Aylardır "güçlendirilmiş Parlamenter sistem" ifadesinin ne anlama geldiğini kavramaya çalışıyoruz. Pek başarılı olduğumuzu söyleyemem. Fakat aynı his Millet İttifak'ında da oluşmuş galiba. Kavramdaki anlamsızlığı keşfettiklerinden olsa gerek yeni bir ekleme daha yapılmış. Meral Akşener şimdi de "iyileştirilmiş, güçlendirilmiş parlamenter sistem" demiş. Yok, daha neler! Bari ultra süper lüks güçlendirilmiş parlamenter sistem deselermiş.
Bu işin gerçekten suyu çıktı. Ülkede muhalefetin söylem üretme becerisinin her gün yeni zayıflıklarıyla karşılaşıyoruz. Çapraşık ve anlamsız ifadeler etrafında dönüp duruyoruz. Hâlbuki iktidara gelmek isteyen siyasi partilerin her şeyden önce ne dediklerini topluma anlatabiliyor olması gerekir. Reklamcılığın ve propagandanın altın kuralıdır. Mesaj net ve anlaşılır olacak. Ancak biz Millet İttifakı'nın hem Cumhurbaşkanlığı adaylığı meselesinde hem de Parlamenter sistem vizyonlarında ne dediklerini anlayabilmiş değiliz. Çünkü bence mesele basit bir "derdini anlatamama" sorunu değil. Asıl sorun şu ki, ortada bir siyaset ve vizyon yok. Bunlar boş laflar etrafında döner durursunuz.

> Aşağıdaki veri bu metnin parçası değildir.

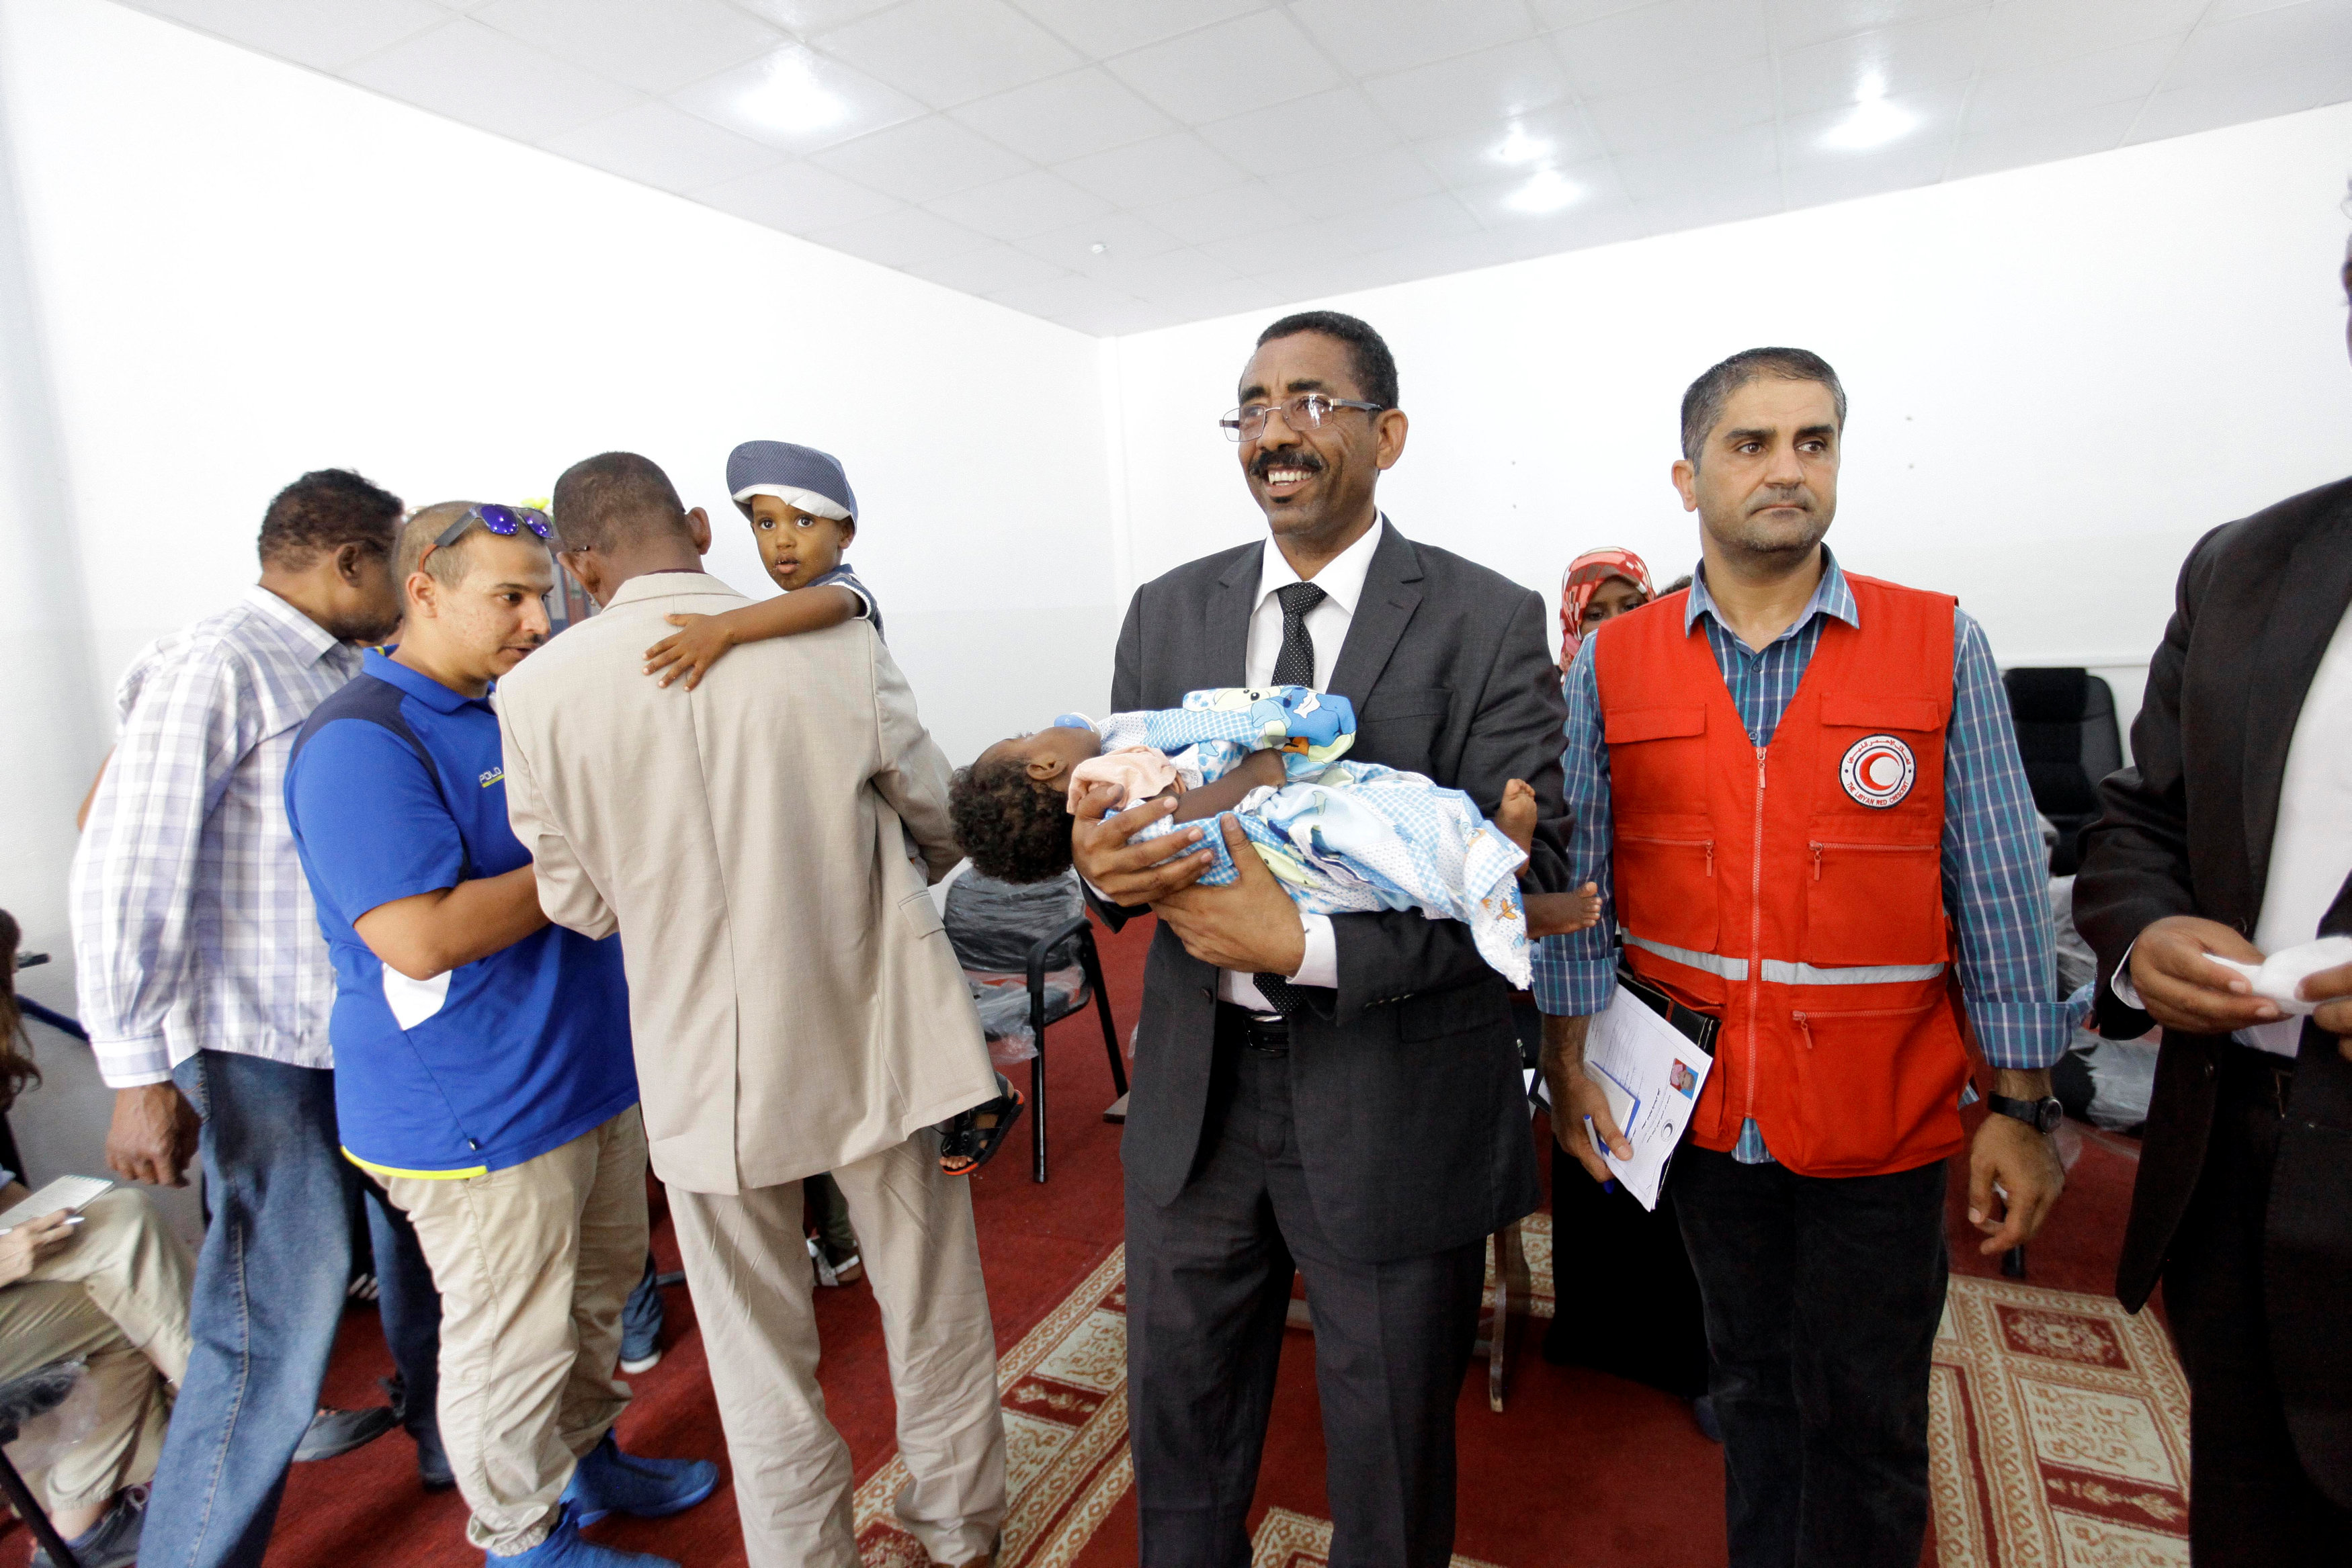 In pictures: IS militants' children handed over to Sudanese consul in Libya

Güçlendirilmiş parlamenter sistem kavramı kendi başına bir ucubeydi. Zira Parlamenter sistemler zayıf veya güçlü olarak sınıflandırılamazlar. Daha güçlüsü veya zayıfı diye bir şey söz konusu değildir. En fazla Parlamenter sistemlerde devlet erkleri arasındaki güç dengesinden bahsedebilirsiniz. Mesela yasamayı güçlendirmek niyetinde olabilirisiniz. İyi de yasamayı güçlendirmek daha demokratik olmak veya daha güçlü parlamenter sisteme geçmek değildir ki. Ayrıca yasama yürütme yargı arasındaki dengeyi bozduğunuzda hiç de demokratik olmayan bir sonuç elde ederseniz. Yok, eğer amacınız gerçekten meclisi daha güçlü hale getirmekse o zaman bunu zaten Cumhurbaşkanlığı sistemi içinde de yapabilirsiniz. Yasamanın tek güçlü olduğu sistem Parlamenter sistem değildir. Hatta Cumhurbaşkanlığı sistemi içinde çok daha güçlü olabilir. Mesela Brezilya da o kadar güçlüdür ki, Cumhurbaşkanı Lula'yı meclisteki ayak oyunlarıyla bir şekilde haksız yere hapse atmayı bile becerdiler. Eğer niyetiniz böyle bir şeyse söyleyin biz de ona göre hareket edelim.
Güçlendirilmiş ifadesinin içinin boş olduğu görülünce bir de "iyileştirilmiş" sıfatı eklendi. İyi de "iyiden" ne kast ediyorsunuz. İyi tarifiniz nedir? İyi kavramı yüzyıllardır ahlak felsefesinde bir "boş gösteren" olmasıyla bilinir. İyinin ne olduğu hep tarife bakar. Ama muhalefetin sanırım bu kadar ciddi bir tartışmaya ayıracak ne zamanı ne de becerisi var. O yüzden buraya daha fazla girmenin pek anlamı yok.
Gördüğüm kadarıyla iki dert var. Birincisi Erdoğan düşmanlığının üzerini örtmeye çalışıyorlar. İkincisi siyaseti milli iradeden koparıp eski günlerdeki gibi vesayet mekanizmalarına geçirmek istiyorlar. Bunu da nasıl ifade edeceklerini bilemiyorlar. Ülkenin geleceğine dair bir kaygı yok. Gerisi boş laf.